*** Opening Information provided ***

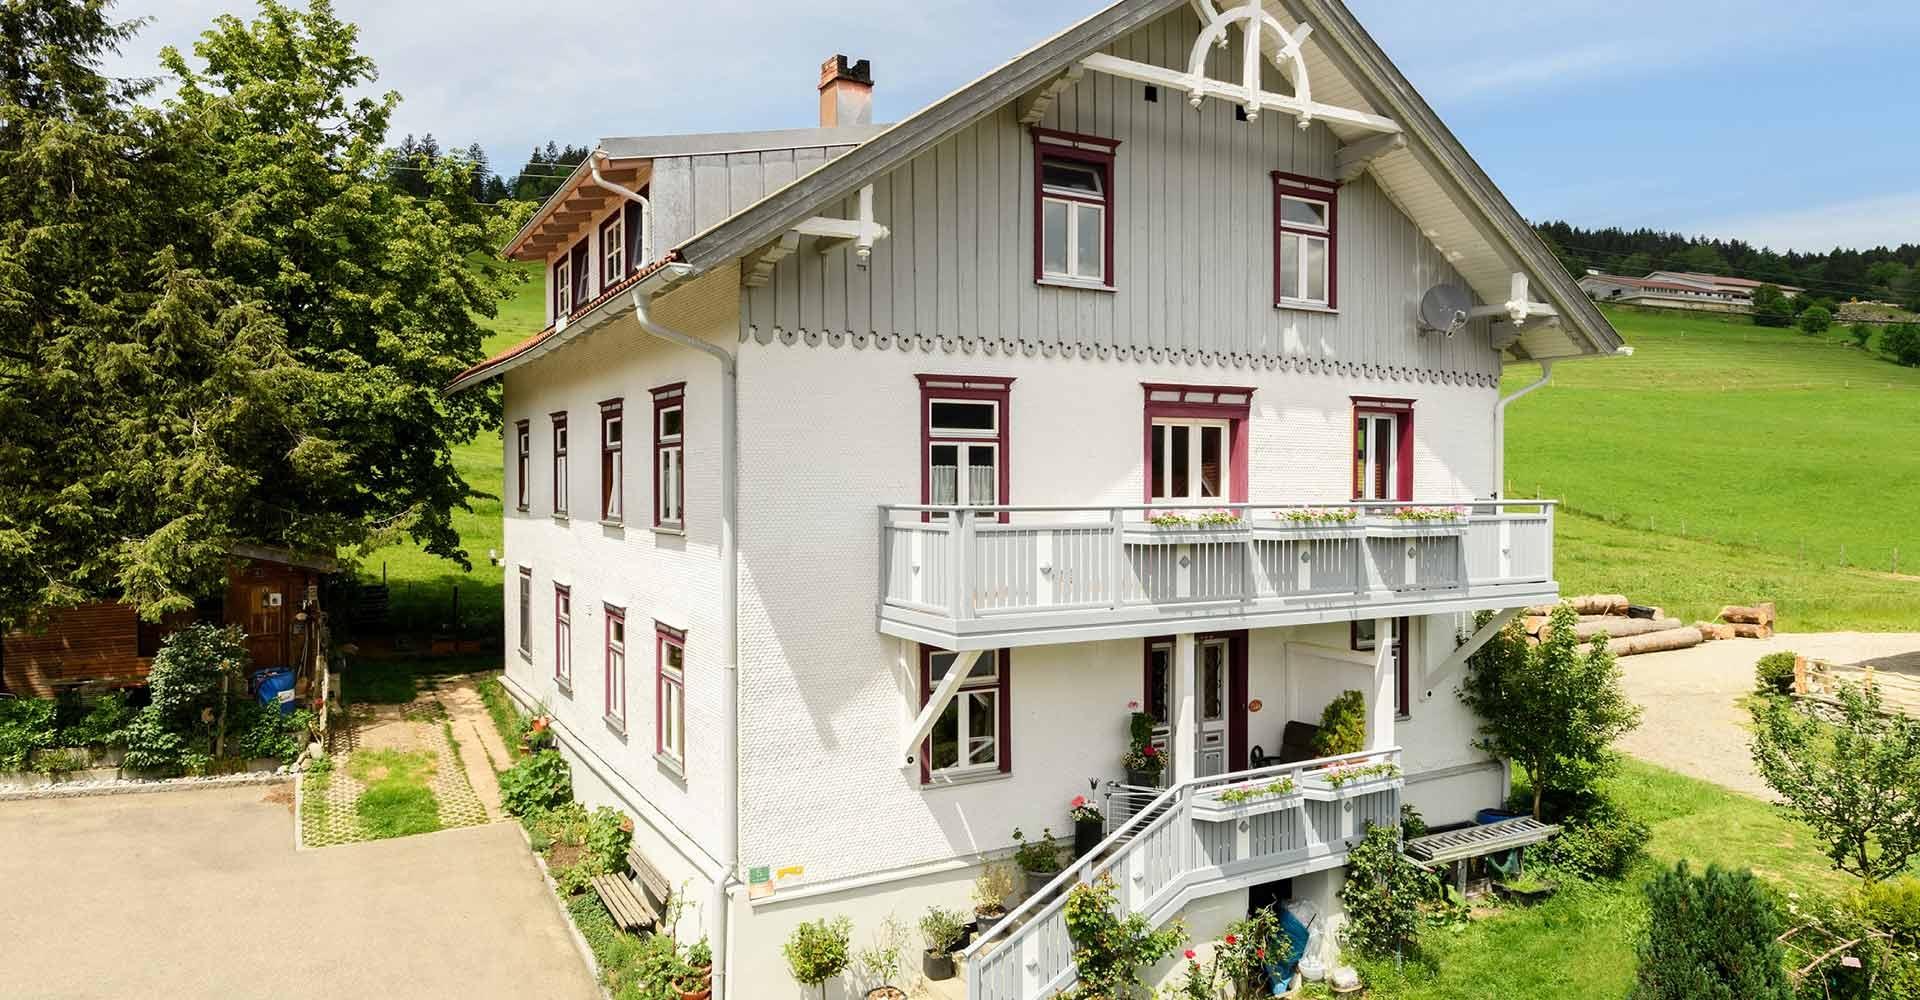 fewo-gebhardshoehe-rettenberg-allgaeuF6EB0723-4681-7CE9-DB55-623BF437590D.jpg
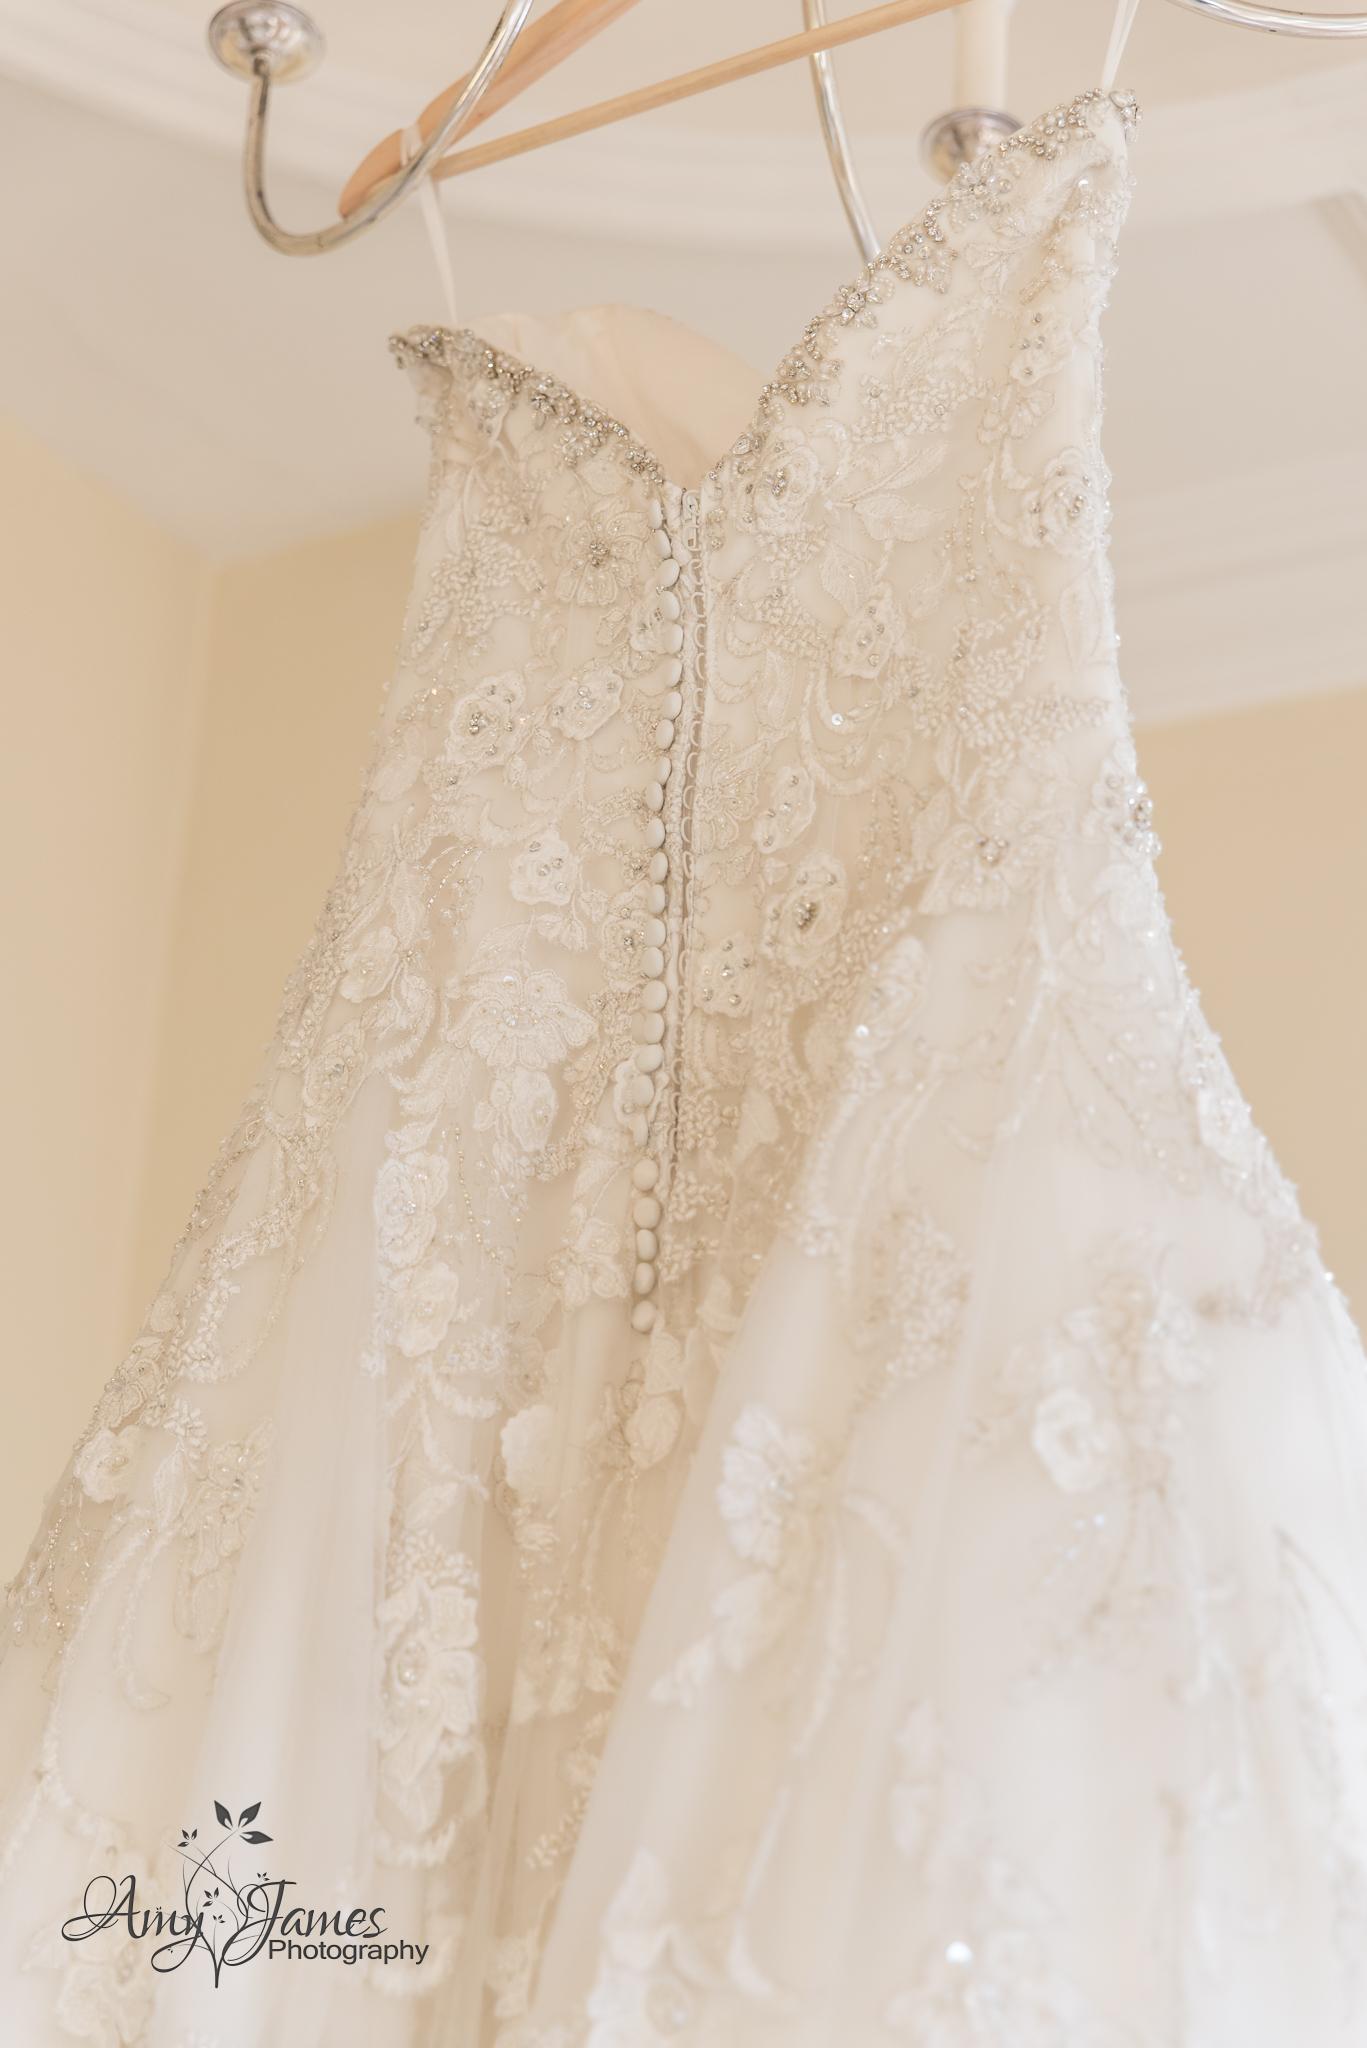 Frimley Hall Hotel Wedding Photographer // Hampshire wedding photographer
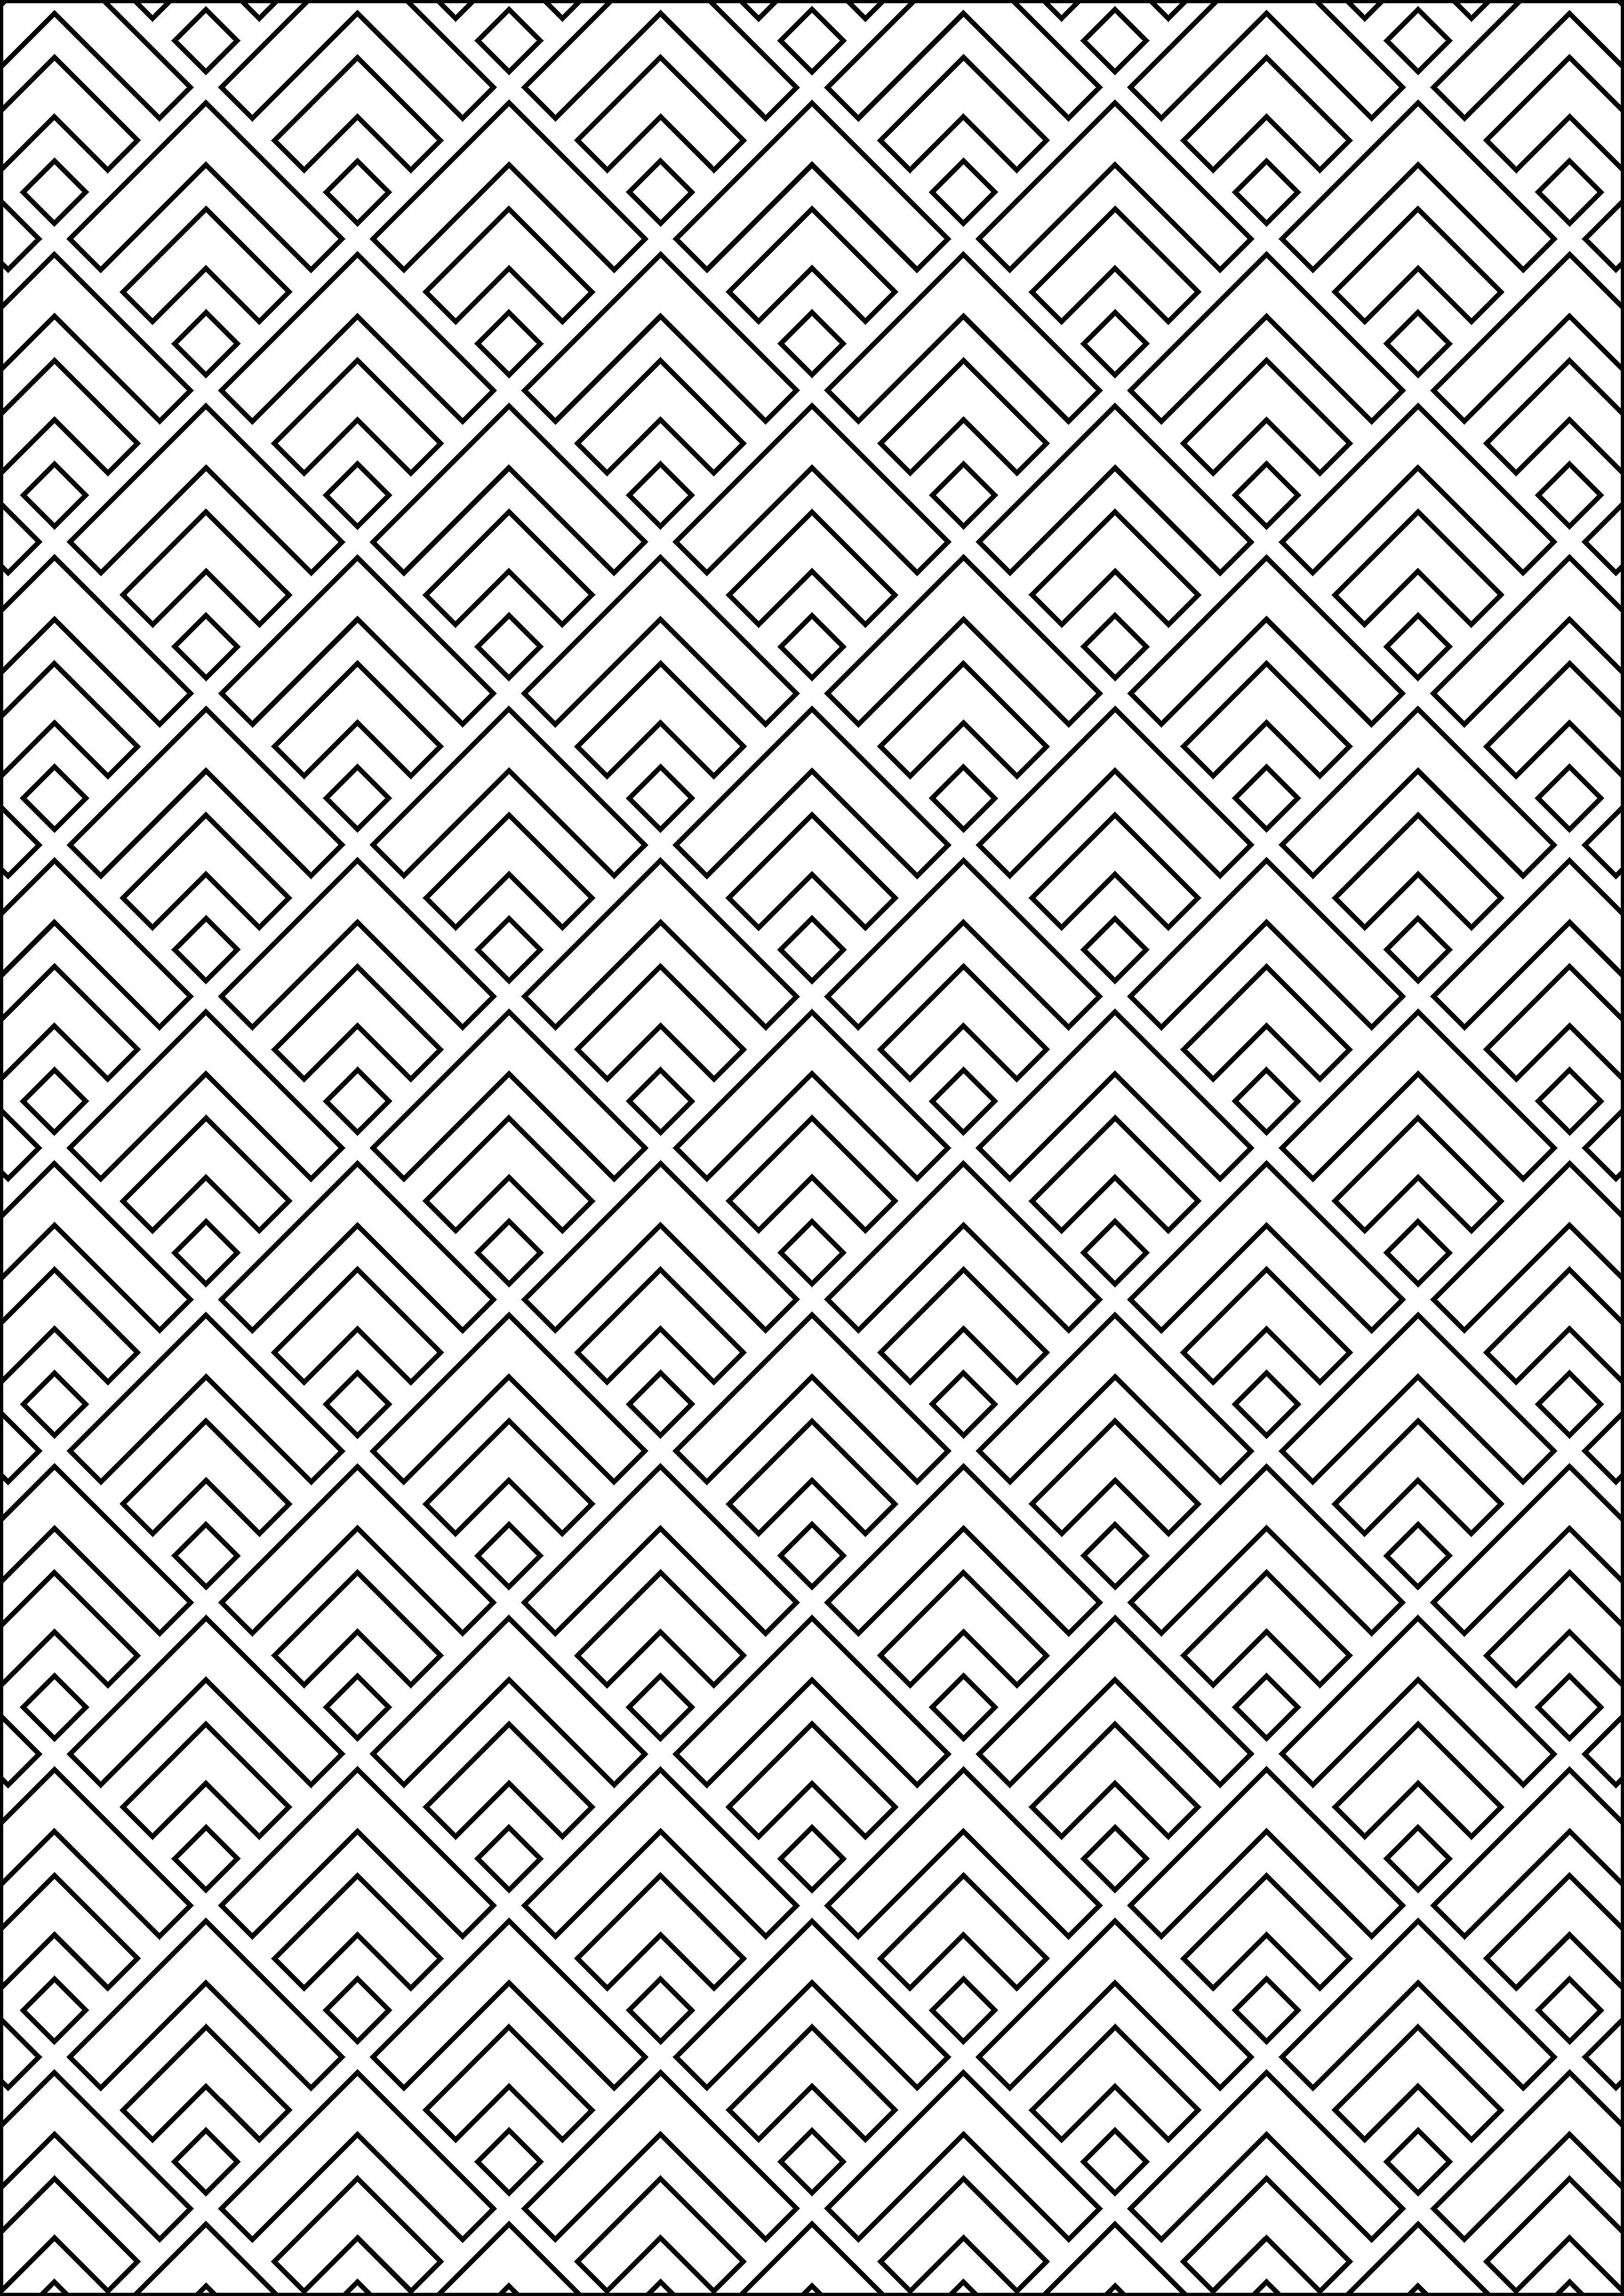 Geometric Pattern A Coloring Page Pattern Coloring Pages Geometric Coloring Pages Geometric Stencil

*** Closing Information provided ***

Return the complete material above exactly, with no picture.

 fewo-gebhardshoehe-rettenberg-allgaeuF6EB0723-4681-7CE9-DB55-623BF437590D.jpg
 Frimley Hall Hotel Wedding Photographer // Hampshire wedding photographer
 Geometric Pattern A Coloring Page Pattern Coloring Pages Geometric Coloring Pages Geometric Stencil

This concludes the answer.